Moorebank Heritage Group is researching Kitchener’s House | Liverpool City Champion

A humble 1900 cottage on Moorebank Avenue may be the last intact remnant of Liverpool’s WWI military camp, but also the last known contact with one of the country’s top military visits.

Kitchener’s House was dedicated to Lord Herbert Kitchener in the early 20th century. June 5th marks the 100th anniversary of Lord Kitchener’s death.

As part of the anniversary, the Moorebank Heritage Group is carrying out further studies on the property. It looks for additional information, including previous occupiers and pictures.

Group Secretary Philip Hurren said Lord Kitchener’s visit to Australia was vital to the development of the Liverpool Military District and the Australian Armed Forces.

“We are a group specifically researching the Moorebank area with a focus on the Liverpool World War I camp,” he said. “The camp was the largest in Australia and there is nothing left of it.”

Military camp: The cottage is used as Lord Kitchener's headquarters in January 1910.  Image: Australian War Memorial.

Military camp: The cottage is used as Lord Kitchener’s headquarters in January 1910. Image: Australian War Memorial.

Mr Hurren said the group would like the house to be treated with more meaning.

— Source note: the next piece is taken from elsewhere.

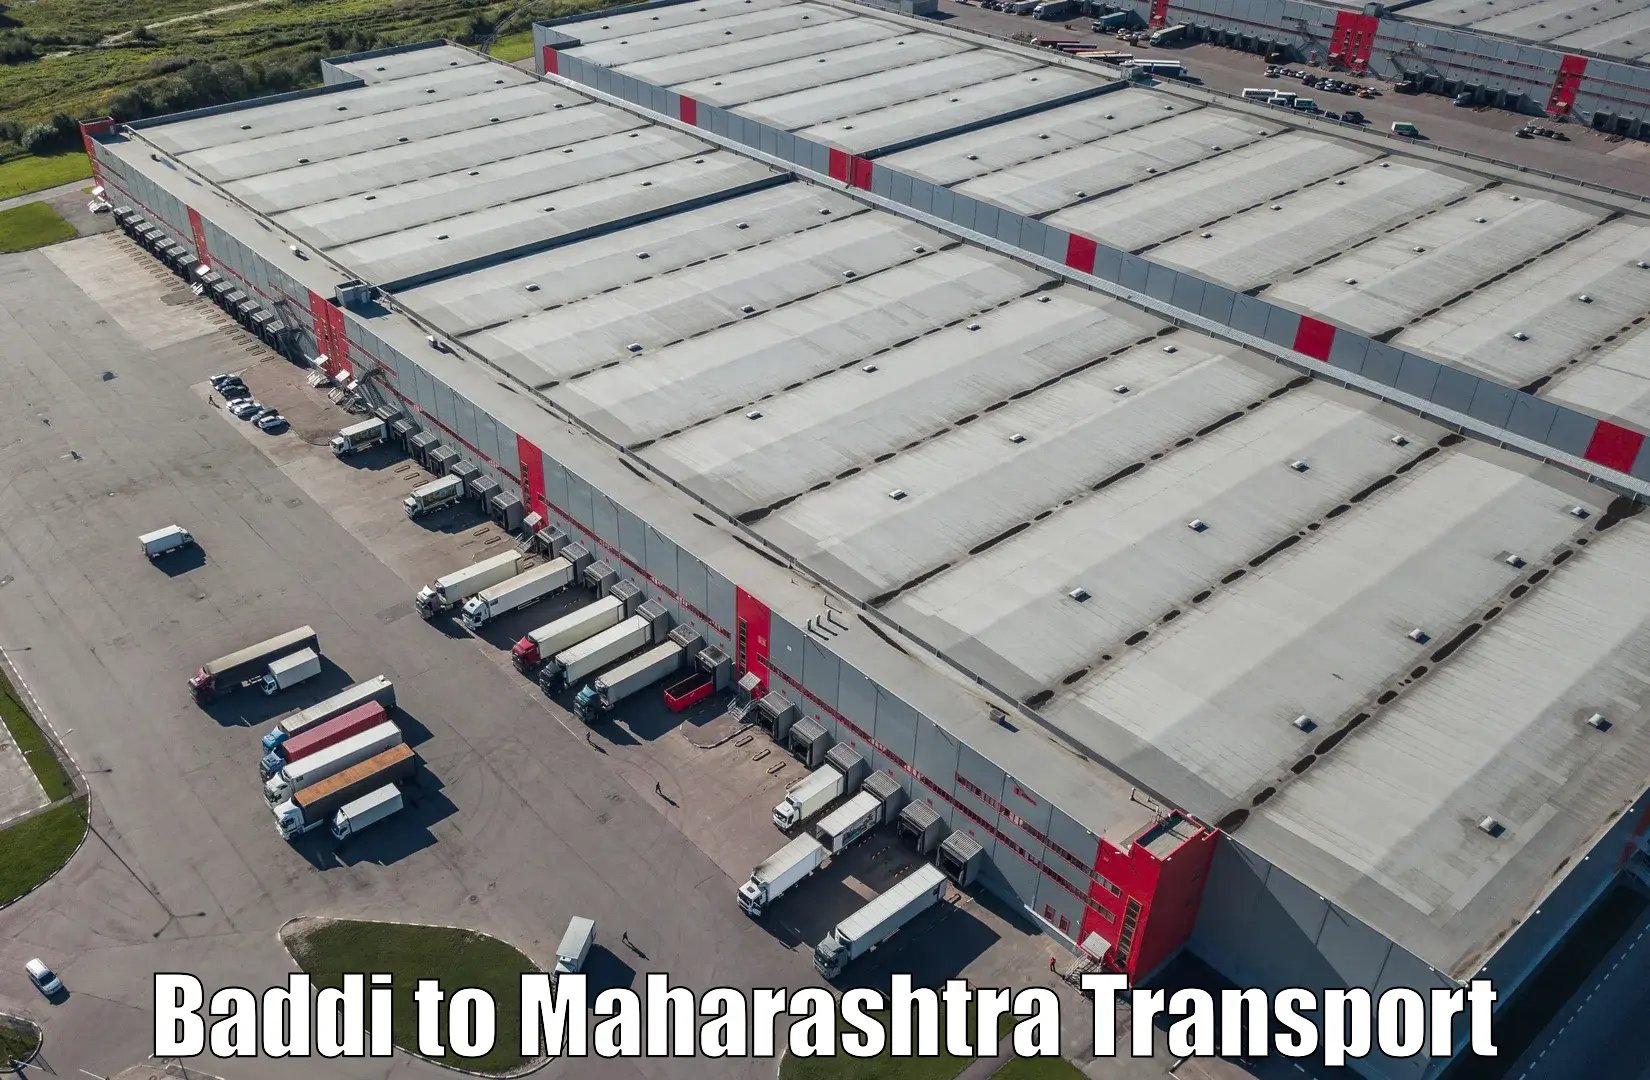 Cargo transportation services Baddi to Mahabaleshwar

“We made a list of people who lived in the house when it was under military control,” he said.

“The last time I was inside was in 2008, when it was in good shape.

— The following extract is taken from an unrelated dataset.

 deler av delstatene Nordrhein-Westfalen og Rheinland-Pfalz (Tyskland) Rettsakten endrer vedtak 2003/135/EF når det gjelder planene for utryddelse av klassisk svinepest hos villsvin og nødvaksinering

“It looks like we could be successful with funding and we hope to put together a brochure of information.

“The idea is to publish a brochure on the military aspect of the entire area.”

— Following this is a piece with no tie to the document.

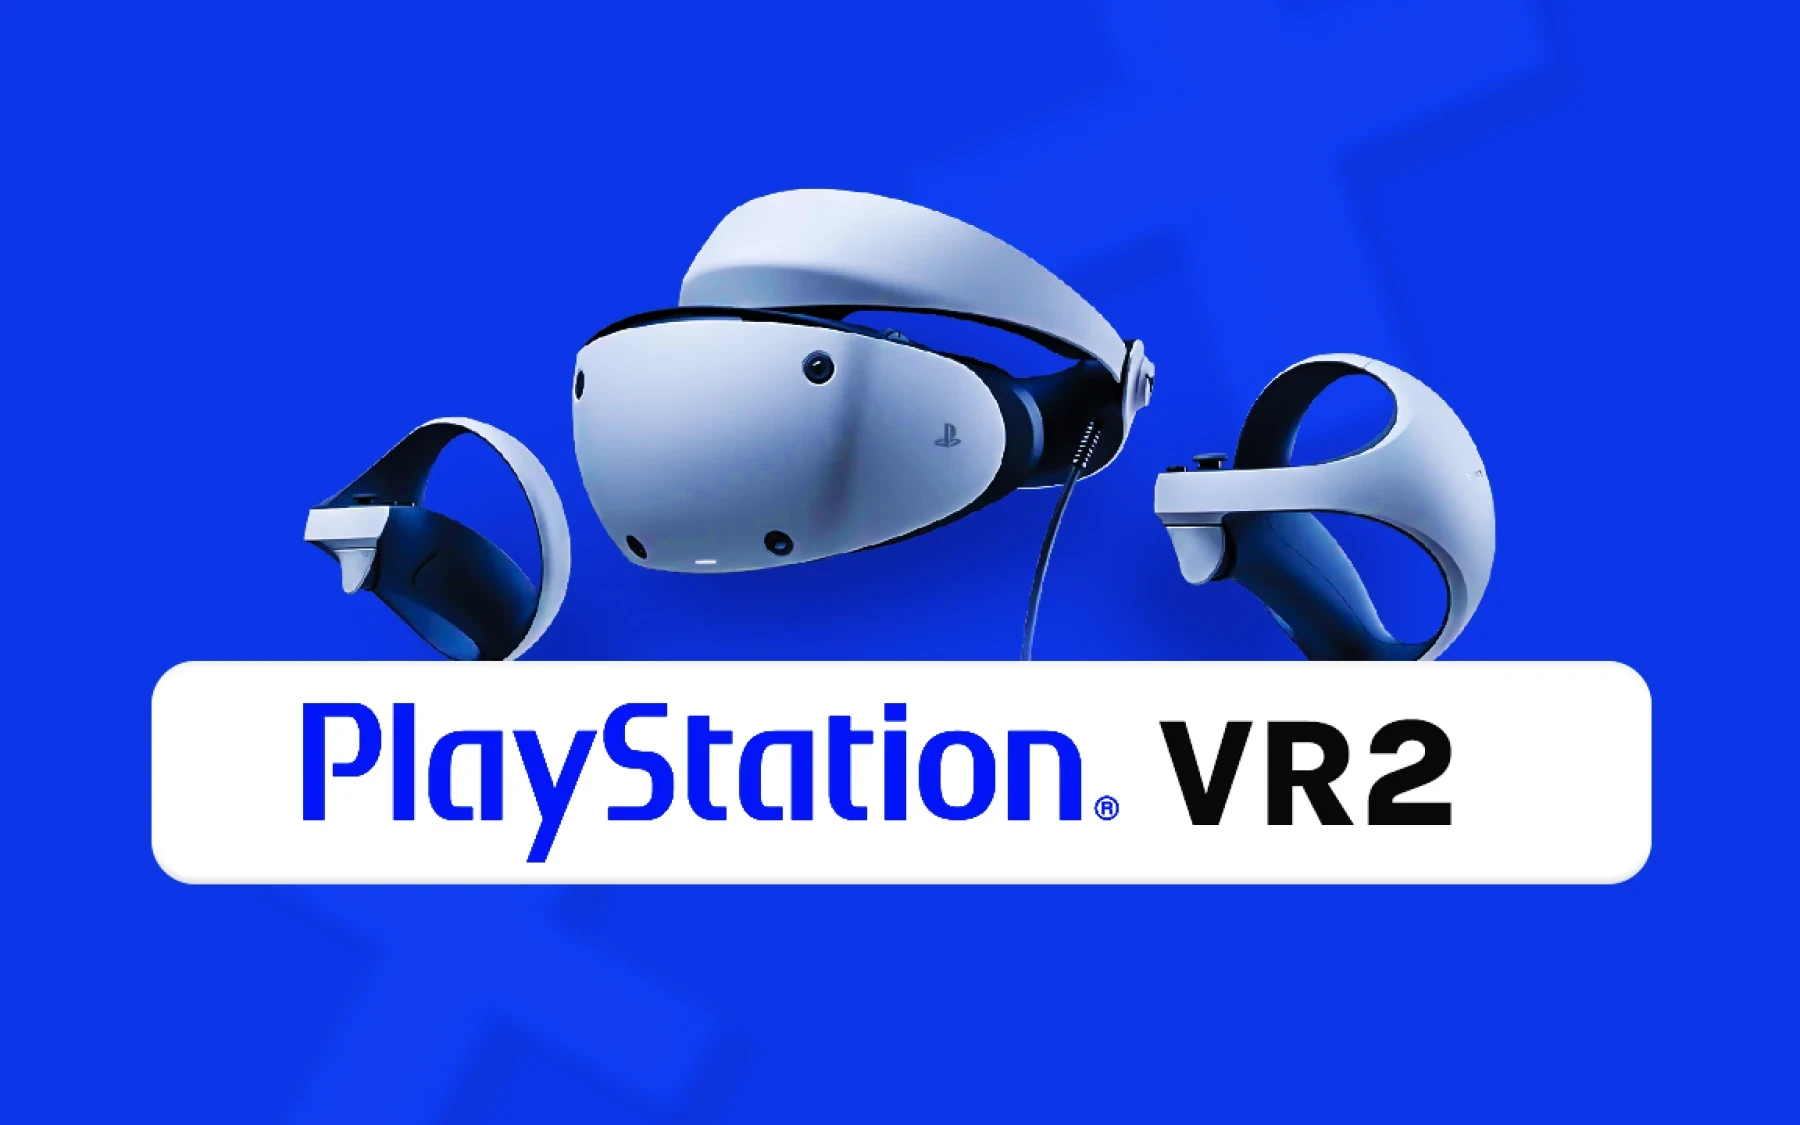 Le nouveau PlayStation VR2 est arrivé!

In 1909, Kitchener visited Australia at the invitation of Prime Minister Alfred Deakin to review the Commonwealth’s state of defense.

In January 1910, Kitchener spent two days at military facilities in the district, using the property as his divisional headquarters.

During his visit, Kitchener recommended the establishment of a permanent army facility now known as the Holsworthy Army Barracks.

At the end of Kitchener’s visit, he also submitted a report recommending the introduction of military training – conscription.

Kitchener’s House was owned by the defense and used it primarily as a residence for senior officers until it was sold to a private trading company in 2004.

Since then, the property has probably been empty.